The poem To the Fringed Gentian was the keynote of Montgomery's every aim and ambition. Like Montgomery, Emily climbs the symbolic "Alpine path" to be a female writer.

"The Flash" is an extraordinary experience common to both Montgomery and Emily, but not shared with Anne Shirley.

Plot summary
Emily Byrd Starr longs to attend Queen's Academy to earn her teaching licence, but her tradition-bound relatives at New Moon refuse. She is instead offered the chance to go to Shrewsbury High School with her friends, on two conditions. The first is that she board with her disliked Aunt Ruth, but it is the second that causes Emily difficulties. Emily must not write (aside from schoolwork) during her high-school education. At first, Emily refuses the offer, unable to contemplate a life without any writing. Cousin Jimmy changes the condition slightly, saying that she cannot write anything that is not true, meaning she must not write stories for the duration of her high school education. Emily does not think this much of an improvement but it turns out to be an excellent exercise for her budding writing career. 

Emily clashes with the ever-suspicious Aunt Ruth, who must know all but rarely believes it. After more than a year of Aunt Ruth's disrespect and arbitrariness, Emily walks the seven miles back to New Moon in the dead of night, only to walk back after fully venting her feelings to Cousin Jimmy. 

Emily's friendship with Ilse Burnley is tested by Evelyn Blake, the school's would-be writer, who is jealous and condescending. Emily vanquishes her once and for all when she finds physical proof that Evelyn plagiarized an old poem to win a school contest. Rather than tell everyone about it, Emily only shows the evidence to Evelyn who admits she did it so her father would allow her to take a trip to Vancouver if she won.

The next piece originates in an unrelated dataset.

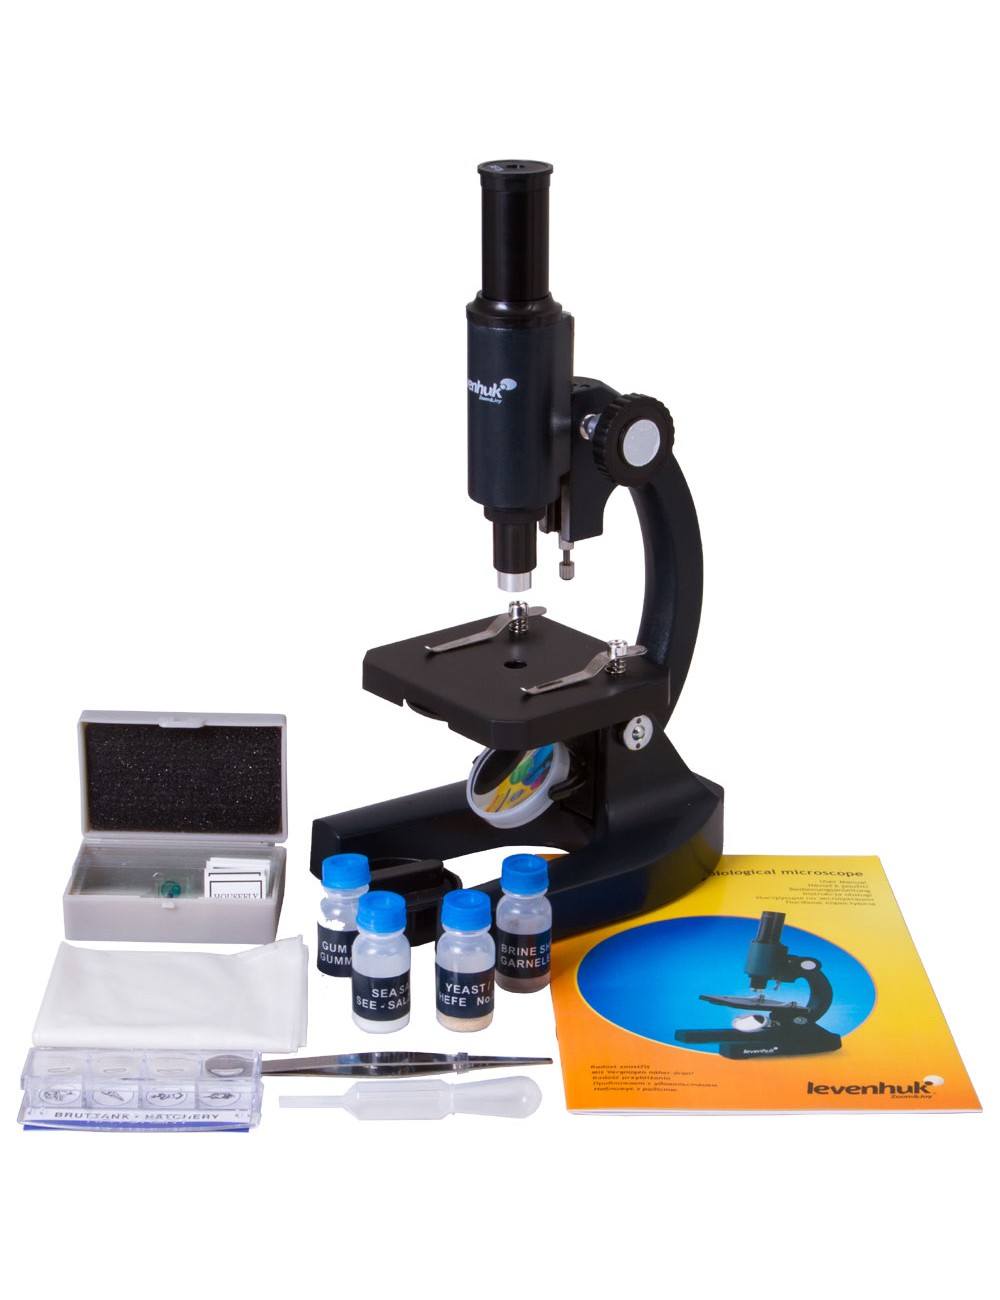 Microscopio 300X-1200X para niños principiantes microscopios monoculares  compuestos de laboratorio con lentes de vidrio óptico e iluminación LED 
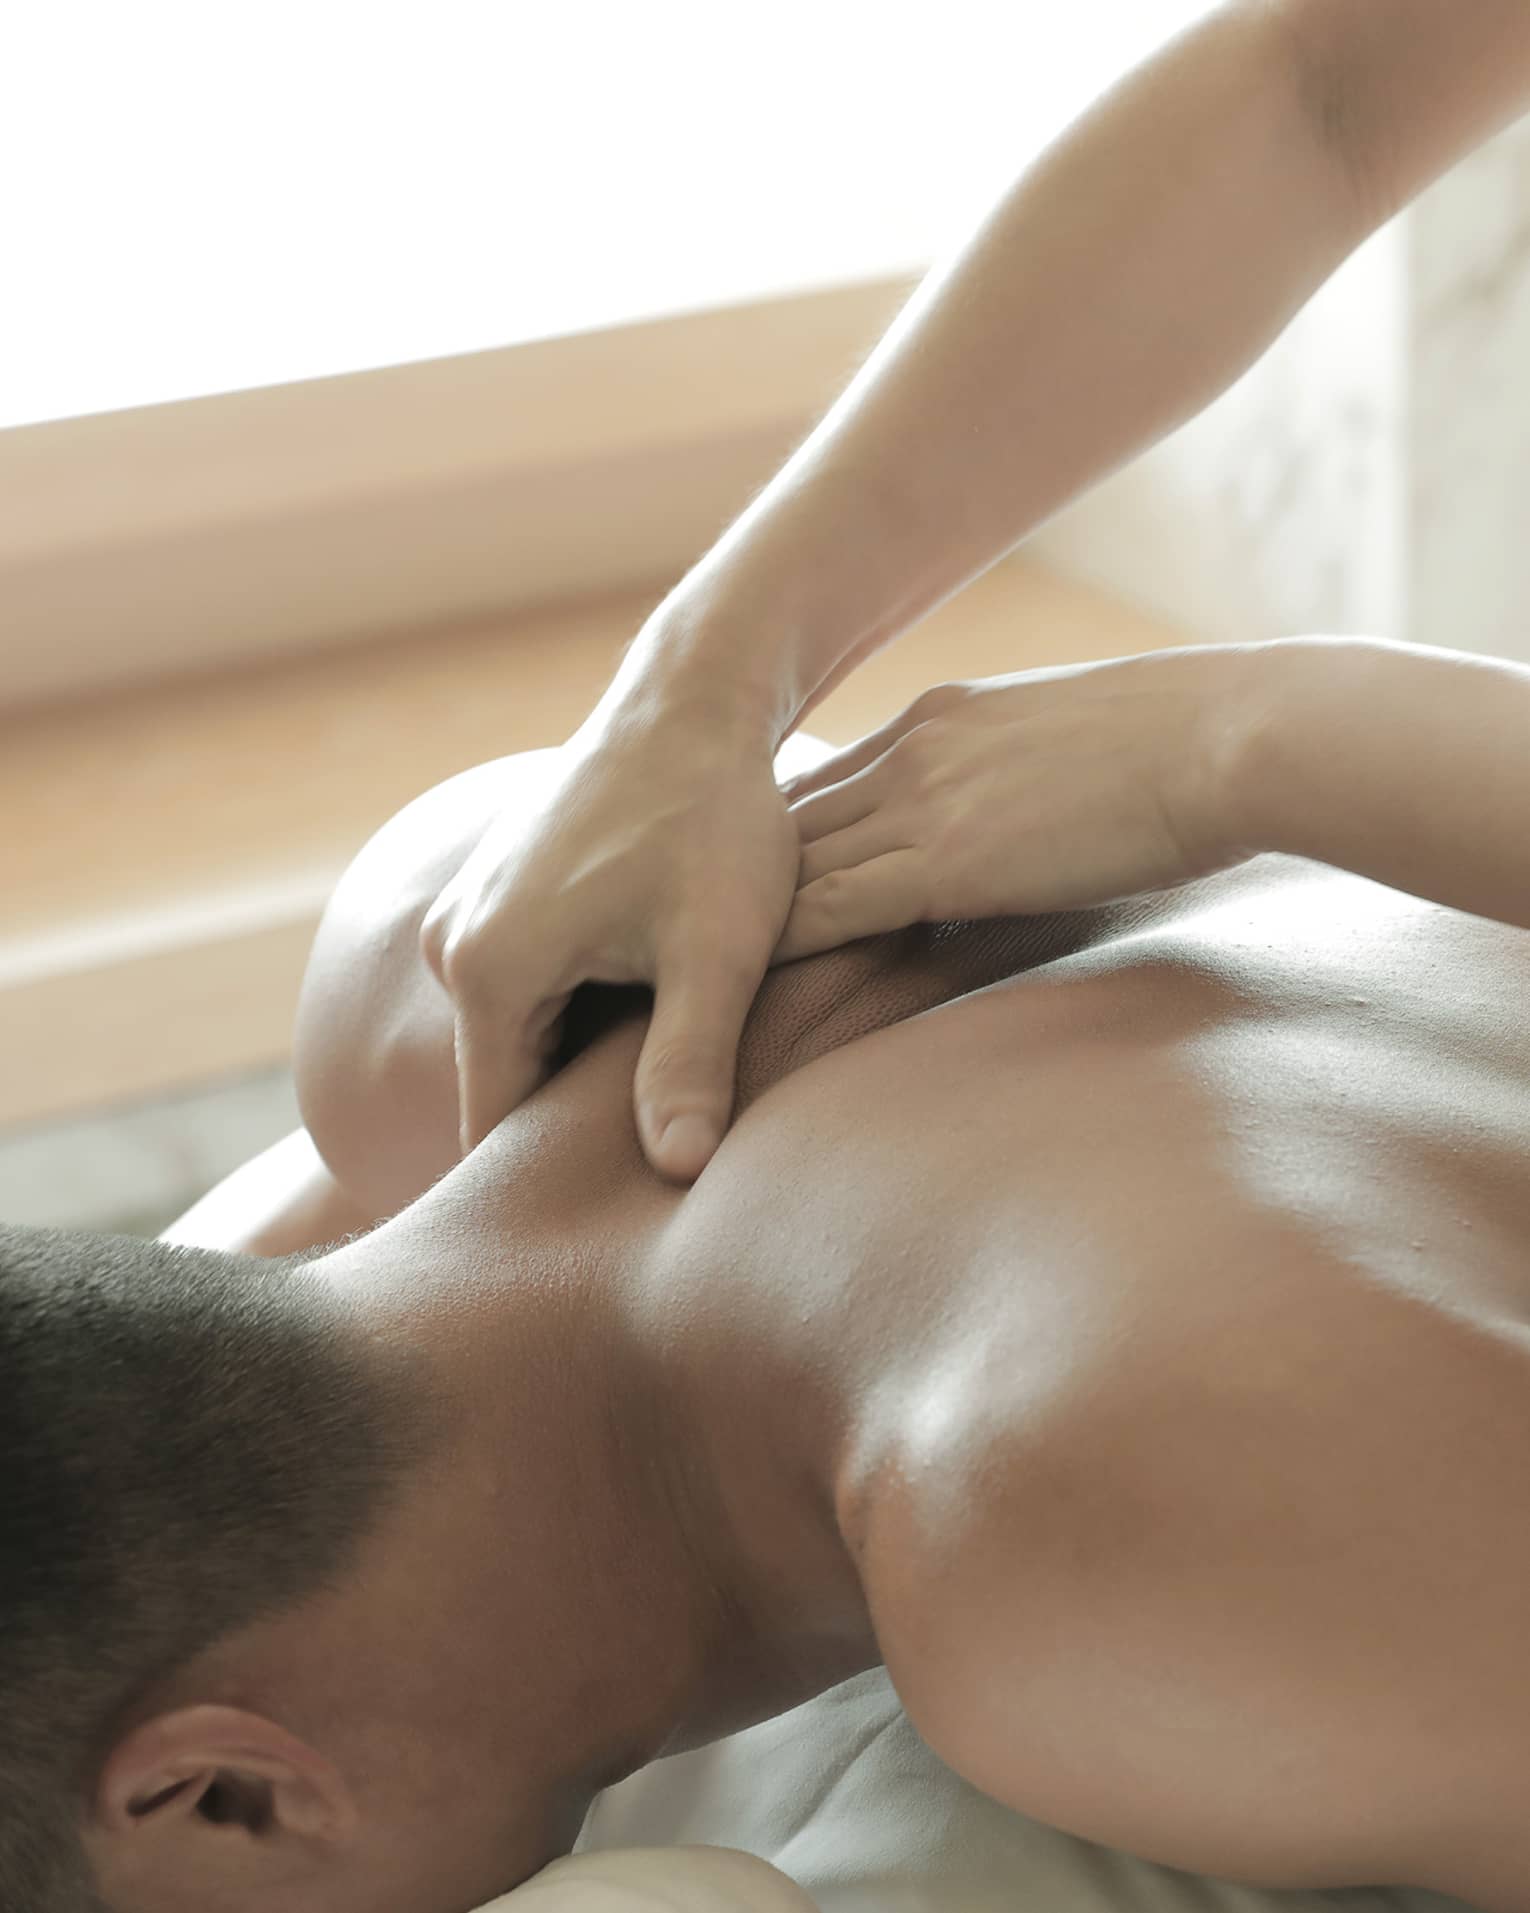 Spa masseuse massages man's bare back, shoulders

Thanks to Aunt Elizabeth's ban on writing fiction, Emily starts to develop her powers of storytelling, writing 'portraits' of people and keeping a journal diligently. Through a series of adventures, Emily is furnished with materials to write stories and poems, and even sees monetary success with the short story "The Woman Who Spanked the King," as told to her by an addled Scottish woman.

In the meantime, Emily also begins to see romantic possibilities for her life. She and Teddy Kent draw closer, but due to misunderstandings and interference from Teddy's jealous mother, the romance stalls. Emily refuses a proposal from her childhood friend Perry Miller, and her cousin Andrew, but continues her long-lasting friendship with Dean Priest.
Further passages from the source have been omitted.